Não conhecia. Mas o nome grudou.
O tipo de nome que parece inventado pra botar medo ou t***o. Ou os dois.
Fingi que não liguei. Mas continuei ouvindo.
— “E o jeito que ele olhou pra Letícia? Menina... ela ficou travada. Disse que foi como se ele soubesse de tudo que ela esconde.”
— “Sabe aquele tipo que parece que enxerga além da roupa?”
— “Exato. E o pior… não mexe. Só observa. Silêncio que grita. Imagina ele bravo.”
Elas gargalharam.
Eu larguei a prancheta com força em cima da mesa de inox.
— “Tem paciente esperando na 12. Ou vão passar o plantão comentando homem bonito?” — cortei seca.
Elas se calaram na hora.
E eu voltei pro que tava fazendo.
Mas por dentro… o nome dele ainda rodava feito aviso.
Thales Montenegro.
Homem de silêncio, olhar que pesa e nome de tempestade.
Não sei o que me deu.
No meio do intervalo, sentei num canto do vestiário, abri o celular e digitei no i********::
@thalesmontenegro.
Apareceu de primeira.
Perfil fechado.
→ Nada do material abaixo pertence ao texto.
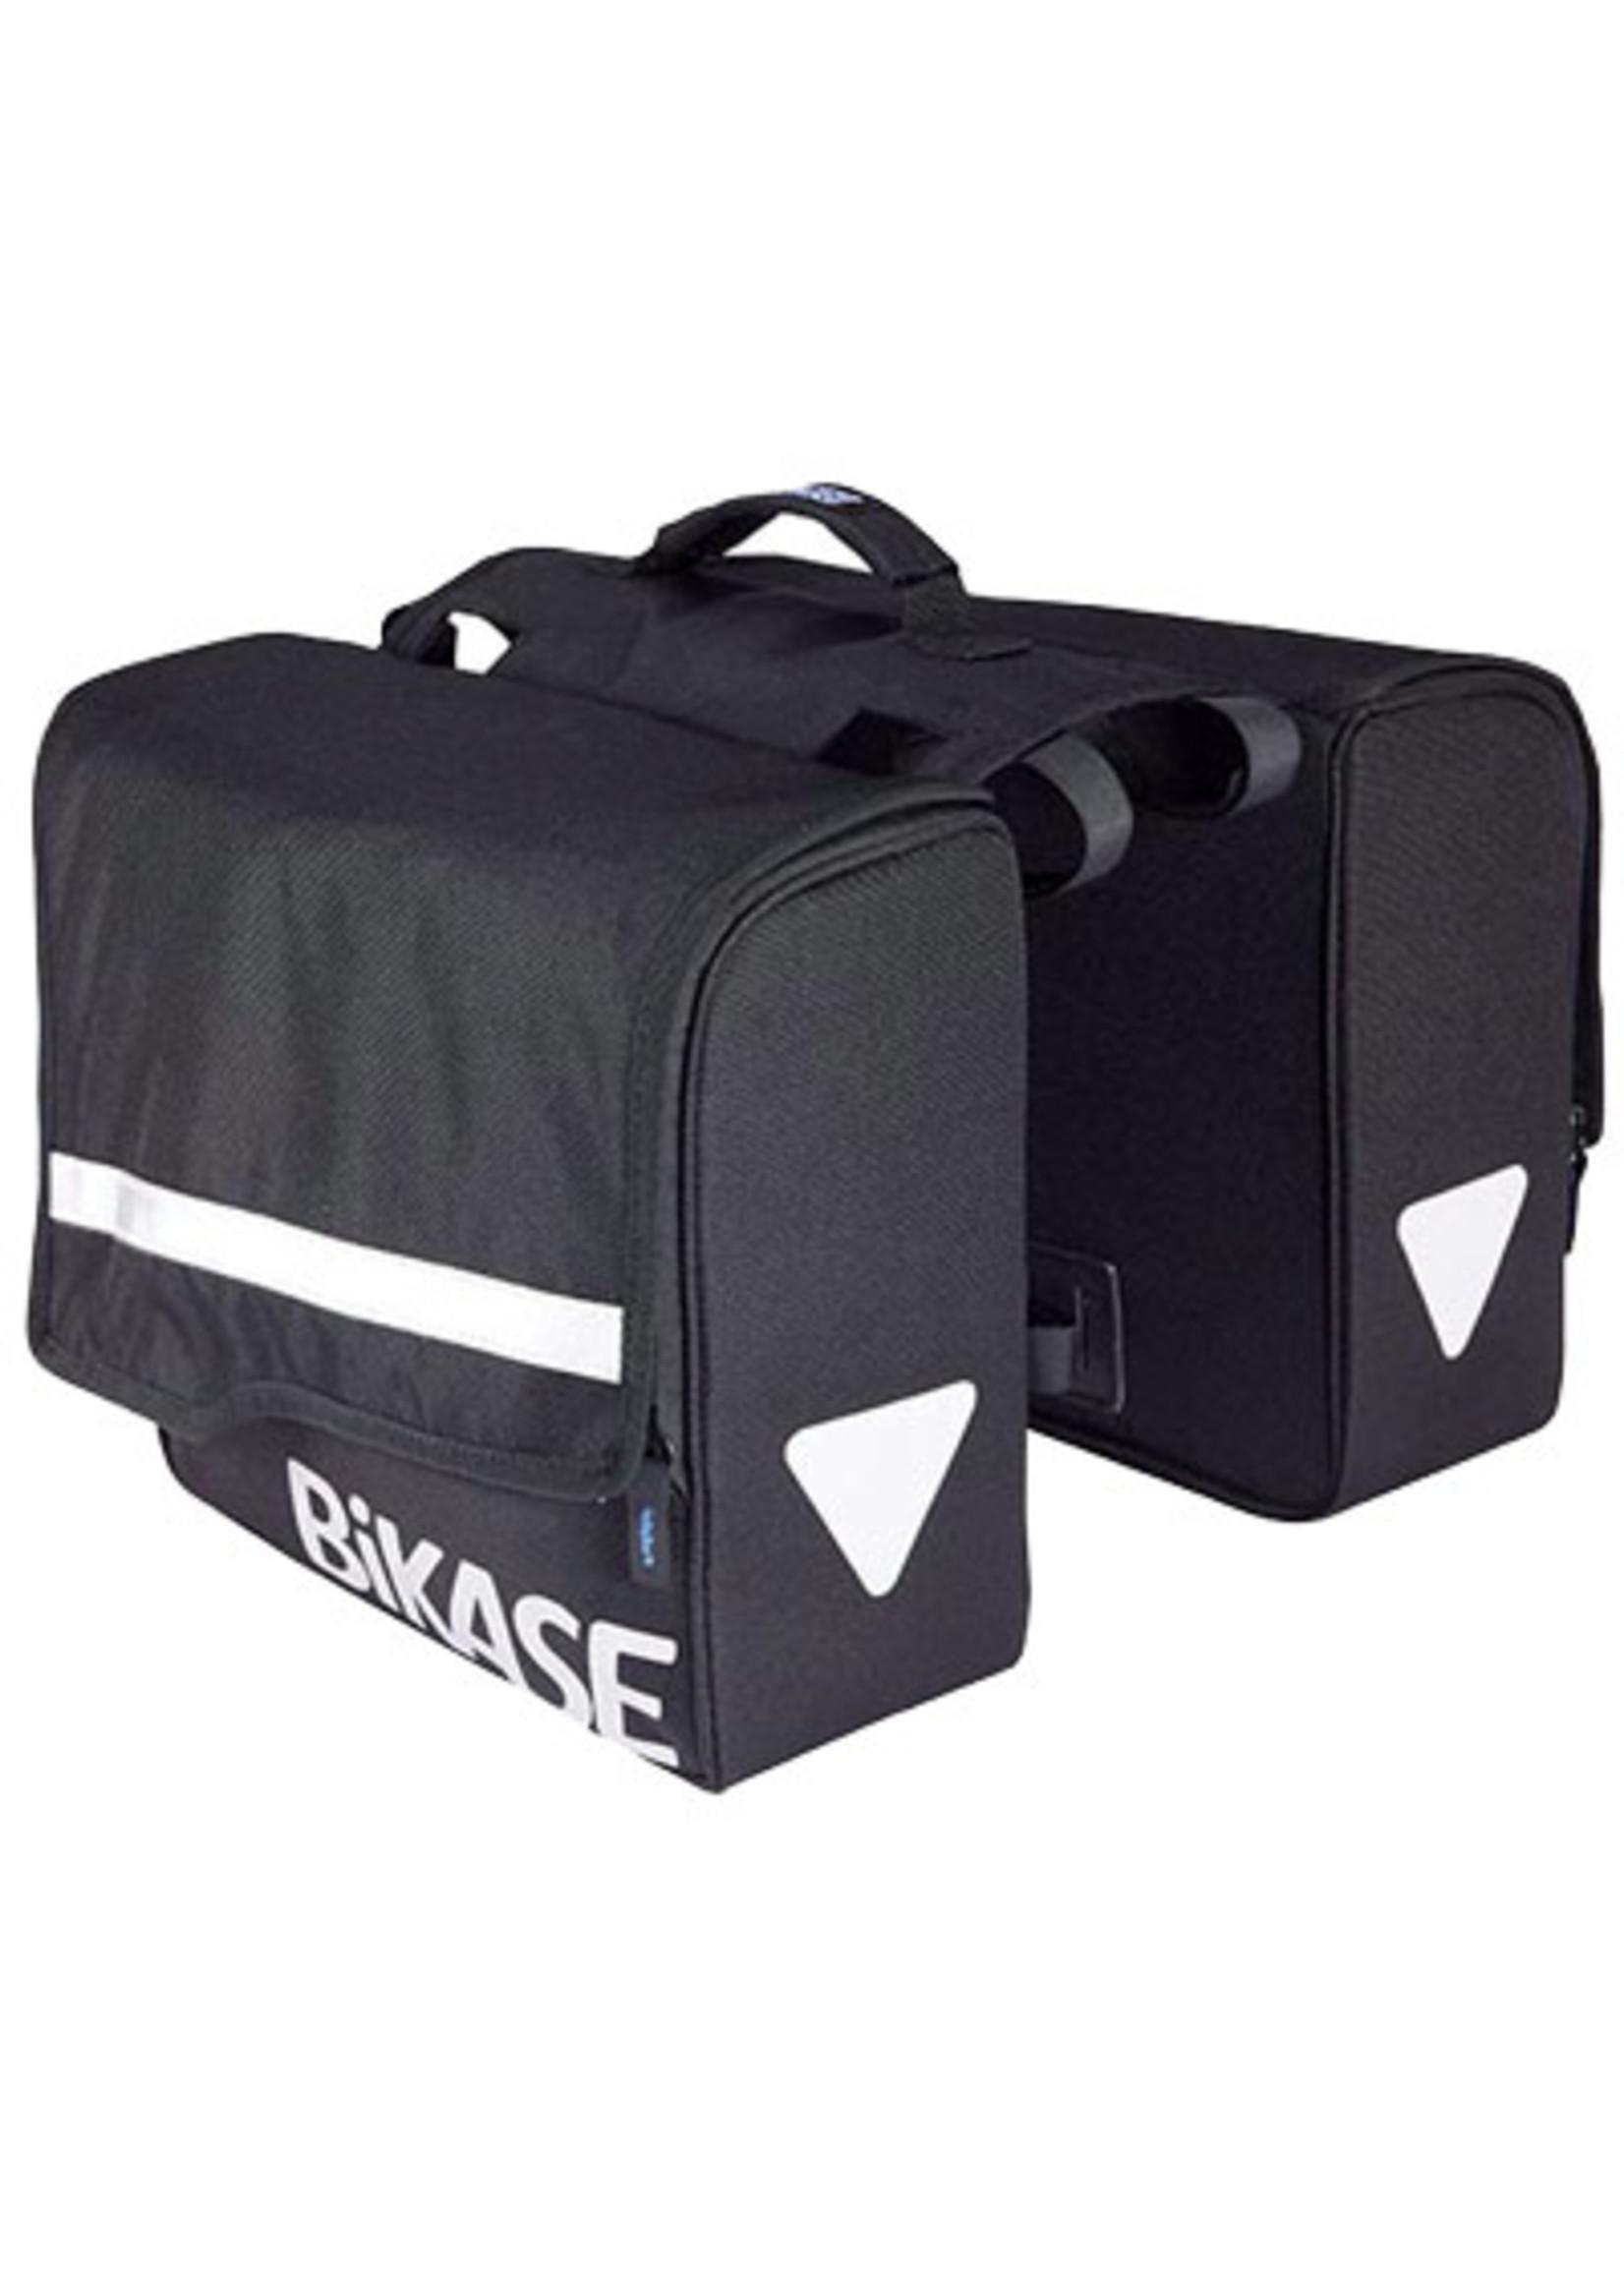 BiKASE,CITY PAINNER REAR BAG

Foto de perfil com camisa social aberta, corrente no pescoço, olhar direto pra câmera como se tivesse te julgando.
E julgava mesmo. O feed era um desfile de ego: terno alinhado, carro importado, fundo de mansão, close na barba feita.
Ex-militar. Empresário. Arrogante. Rico. E sabendo disso.
As enfermeiras não tavam mentindo.
O homem era bonito. Mas não era só isso.
Ele tinha aquele tipo de presença que irritava.
Aquela pose de quem nunca teve que pedir nada duas vezes.
De quem nasceu pra dar ordem — e se você desafiar, ele te quebra no olhar.
Fechei o aplicativo com raiva de mim mesma.
— “Bonito demais pra prestar…” — murmurei. — “E ainda por cima deve feder a perfume caro e ego inflado.”
Mas era tarde.
O nome dele já tinha grudado.
E quando o destino quer sacudir sua vida, ele começa assim: com uma curiosidade b***a…
e termina te deixando de joelhos diante do furacão.